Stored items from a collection
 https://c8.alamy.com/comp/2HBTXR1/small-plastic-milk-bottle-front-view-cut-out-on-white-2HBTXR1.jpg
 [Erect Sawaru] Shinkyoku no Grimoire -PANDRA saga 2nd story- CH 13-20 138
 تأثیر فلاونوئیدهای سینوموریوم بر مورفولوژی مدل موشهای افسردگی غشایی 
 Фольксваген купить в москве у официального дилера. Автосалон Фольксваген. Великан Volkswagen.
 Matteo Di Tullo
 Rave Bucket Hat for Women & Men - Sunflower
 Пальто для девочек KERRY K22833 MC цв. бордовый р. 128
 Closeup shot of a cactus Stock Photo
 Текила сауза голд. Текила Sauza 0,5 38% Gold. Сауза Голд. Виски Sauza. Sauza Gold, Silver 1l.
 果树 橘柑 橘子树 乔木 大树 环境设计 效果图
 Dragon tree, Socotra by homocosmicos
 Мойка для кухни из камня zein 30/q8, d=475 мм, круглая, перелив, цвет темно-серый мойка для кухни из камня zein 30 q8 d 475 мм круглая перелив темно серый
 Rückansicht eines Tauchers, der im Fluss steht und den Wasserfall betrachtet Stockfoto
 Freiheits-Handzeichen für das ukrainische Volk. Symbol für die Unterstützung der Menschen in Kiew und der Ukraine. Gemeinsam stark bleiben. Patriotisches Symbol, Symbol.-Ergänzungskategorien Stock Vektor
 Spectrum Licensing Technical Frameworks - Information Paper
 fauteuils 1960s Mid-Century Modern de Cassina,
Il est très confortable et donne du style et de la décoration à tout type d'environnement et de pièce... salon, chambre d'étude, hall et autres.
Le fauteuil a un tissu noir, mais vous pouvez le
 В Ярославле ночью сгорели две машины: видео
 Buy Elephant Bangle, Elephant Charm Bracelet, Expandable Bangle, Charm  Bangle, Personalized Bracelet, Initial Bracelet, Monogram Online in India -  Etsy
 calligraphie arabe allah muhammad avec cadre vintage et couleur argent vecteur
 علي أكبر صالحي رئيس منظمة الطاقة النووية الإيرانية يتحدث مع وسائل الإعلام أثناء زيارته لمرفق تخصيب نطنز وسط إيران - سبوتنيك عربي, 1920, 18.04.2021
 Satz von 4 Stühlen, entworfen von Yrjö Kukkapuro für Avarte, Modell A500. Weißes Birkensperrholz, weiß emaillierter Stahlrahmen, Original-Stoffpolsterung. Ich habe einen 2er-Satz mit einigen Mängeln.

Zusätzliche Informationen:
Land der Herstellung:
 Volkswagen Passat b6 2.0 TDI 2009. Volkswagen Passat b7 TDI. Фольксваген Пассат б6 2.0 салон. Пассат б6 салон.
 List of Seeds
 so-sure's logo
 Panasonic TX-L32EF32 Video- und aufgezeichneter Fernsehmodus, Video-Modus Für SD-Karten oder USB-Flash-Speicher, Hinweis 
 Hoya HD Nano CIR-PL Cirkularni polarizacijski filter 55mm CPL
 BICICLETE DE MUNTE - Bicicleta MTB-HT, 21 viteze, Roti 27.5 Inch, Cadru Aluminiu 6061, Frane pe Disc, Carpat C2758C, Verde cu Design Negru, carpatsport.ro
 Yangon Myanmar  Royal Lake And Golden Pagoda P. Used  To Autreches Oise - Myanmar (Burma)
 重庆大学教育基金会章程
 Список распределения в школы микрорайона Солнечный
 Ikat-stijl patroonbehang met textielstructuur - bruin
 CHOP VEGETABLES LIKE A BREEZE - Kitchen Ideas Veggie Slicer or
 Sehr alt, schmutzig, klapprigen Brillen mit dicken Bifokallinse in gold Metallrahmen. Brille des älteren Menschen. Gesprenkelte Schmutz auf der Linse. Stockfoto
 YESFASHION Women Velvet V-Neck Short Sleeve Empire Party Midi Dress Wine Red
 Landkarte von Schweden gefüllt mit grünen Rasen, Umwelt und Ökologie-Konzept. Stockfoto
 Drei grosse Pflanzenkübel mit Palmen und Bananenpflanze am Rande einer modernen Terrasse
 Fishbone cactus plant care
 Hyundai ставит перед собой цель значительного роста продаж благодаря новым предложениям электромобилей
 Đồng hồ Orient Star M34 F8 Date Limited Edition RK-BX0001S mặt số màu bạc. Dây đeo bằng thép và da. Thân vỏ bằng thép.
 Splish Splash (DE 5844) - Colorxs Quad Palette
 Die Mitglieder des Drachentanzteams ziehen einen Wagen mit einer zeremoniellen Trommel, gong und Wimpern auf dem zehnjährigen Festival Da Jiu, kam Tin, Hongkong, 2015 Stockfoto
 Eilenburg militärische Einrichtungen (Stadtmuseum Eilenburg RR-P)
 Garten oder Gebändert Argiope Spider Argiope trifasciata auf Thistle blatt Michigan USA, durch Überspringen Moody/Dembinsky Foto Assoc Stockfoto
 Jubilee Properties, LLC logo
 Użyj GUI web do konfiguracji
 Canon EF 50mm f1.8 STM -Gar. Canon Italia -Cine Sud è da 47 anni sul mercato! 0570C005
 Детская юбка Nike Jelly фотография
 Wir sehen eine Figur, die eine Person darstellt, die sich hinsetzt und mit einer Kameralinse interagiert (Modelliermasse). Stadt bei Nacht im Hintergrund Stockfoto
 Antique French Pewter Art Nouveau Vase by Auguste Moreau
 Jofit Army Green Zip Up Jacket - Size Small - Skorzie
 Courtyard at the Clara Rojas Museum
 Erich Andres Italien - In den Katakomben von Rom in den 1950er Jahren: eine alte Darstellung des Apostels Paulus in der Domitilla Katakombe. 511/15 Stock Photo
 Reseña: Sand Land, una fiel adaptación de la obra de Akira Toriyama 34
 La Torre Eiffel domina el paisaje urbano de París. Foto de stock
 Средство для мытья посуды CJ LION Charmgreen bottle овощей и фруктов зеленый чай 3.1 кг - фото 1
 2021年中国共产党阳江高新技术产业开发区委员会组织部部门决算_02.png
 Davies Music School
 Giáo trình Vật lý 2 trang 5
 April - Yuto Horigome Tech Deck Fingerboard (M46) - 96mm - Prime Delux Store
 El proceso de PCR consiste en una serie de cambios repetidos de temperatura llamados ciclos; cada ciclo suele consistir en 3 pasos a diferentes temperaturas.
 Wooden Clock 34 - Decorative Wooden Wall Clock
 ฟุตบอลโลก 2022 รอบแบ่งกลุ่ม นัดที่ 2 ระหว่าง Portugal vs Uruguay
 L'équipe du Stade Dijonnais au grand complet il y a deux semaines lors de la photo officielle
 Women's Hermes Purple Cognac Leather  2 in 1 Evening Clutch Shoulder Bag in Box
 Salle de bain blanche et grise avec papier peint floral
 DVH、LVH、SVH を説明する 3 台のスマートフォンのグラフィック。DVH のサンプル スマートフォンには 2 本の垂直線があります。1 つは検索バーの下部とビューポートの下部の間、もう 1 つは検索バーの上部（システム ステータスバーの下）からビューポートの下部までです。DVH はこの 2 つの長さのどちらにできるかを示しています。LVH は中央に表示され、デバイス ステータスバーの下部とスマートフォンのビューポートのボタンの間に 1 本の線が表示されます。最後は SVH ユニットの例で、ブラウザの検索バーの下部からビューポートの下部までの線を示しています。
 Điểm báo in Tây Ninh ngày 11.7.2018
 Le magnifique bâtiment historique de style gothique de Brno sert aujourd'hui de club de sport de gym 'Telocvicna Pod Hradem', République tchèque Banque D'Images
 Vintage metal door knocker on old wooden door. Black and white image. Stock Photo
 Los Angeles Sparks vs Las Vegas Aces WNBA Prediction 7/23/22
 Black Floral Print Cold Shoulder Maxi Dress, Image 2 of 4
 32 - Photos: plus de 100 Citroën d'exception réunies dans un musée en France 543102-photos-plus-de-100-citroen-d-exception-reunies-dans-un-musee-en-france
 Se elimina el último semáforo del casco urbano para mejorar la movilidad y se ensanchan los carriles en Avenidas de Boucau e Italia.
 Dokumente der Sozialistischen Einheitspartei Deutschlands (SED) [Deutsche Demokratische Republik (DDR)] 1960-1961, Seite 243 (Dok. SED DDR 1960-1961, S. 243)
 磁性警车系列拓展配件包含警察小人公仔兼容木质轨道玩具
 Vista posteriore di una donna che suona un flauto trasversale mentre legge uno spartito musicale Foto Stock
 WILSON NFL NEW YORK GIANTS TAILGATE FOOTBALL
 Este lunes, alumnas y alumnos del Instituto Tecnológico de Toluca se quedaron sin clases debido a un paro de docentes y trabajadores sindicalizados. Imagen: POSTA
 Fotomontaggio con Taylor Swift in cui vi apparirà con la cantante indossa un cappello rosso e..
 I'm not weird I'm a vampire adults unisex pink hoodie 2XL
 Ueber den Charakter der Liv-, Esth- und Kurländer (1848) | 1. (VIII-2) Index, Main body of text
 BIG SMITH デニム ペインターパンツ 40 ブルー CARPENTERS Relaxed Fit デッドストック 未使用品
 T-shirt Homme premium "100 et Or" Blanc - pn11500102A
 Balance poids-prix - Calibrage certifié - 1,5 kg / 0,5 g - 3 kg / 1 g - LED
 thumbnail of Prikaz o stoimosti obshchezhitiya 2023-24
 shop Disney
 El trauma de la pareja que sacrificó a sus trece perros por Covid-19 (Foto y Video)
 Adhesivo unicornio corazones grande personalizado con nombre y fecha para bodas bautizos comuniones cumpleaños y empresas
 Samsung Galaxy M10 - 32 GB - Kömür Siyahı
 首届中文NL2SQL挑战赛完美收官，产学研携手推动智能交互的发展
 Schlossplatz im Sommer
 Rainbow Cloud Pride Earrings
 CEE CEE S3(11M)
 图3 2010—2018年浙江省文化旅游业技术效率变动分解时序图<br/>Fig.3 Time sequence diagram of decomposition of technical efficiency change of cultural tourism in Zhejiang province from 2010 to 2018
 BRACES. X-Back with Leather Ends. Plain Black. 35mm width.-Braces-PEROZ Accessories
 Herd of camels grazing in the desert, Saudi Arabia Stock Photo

#### To do:
Return each full line of the entries that contains the word "Leather".

#### Exercise response:
 Women's Hermes Purple Cognac Leather  2 in 1 Evening Clutch Shoulder Bag in Box
 BRACES. X-Back with Leather Ends. Plain Black. 35mm width.-Braces-PEROZ Accessories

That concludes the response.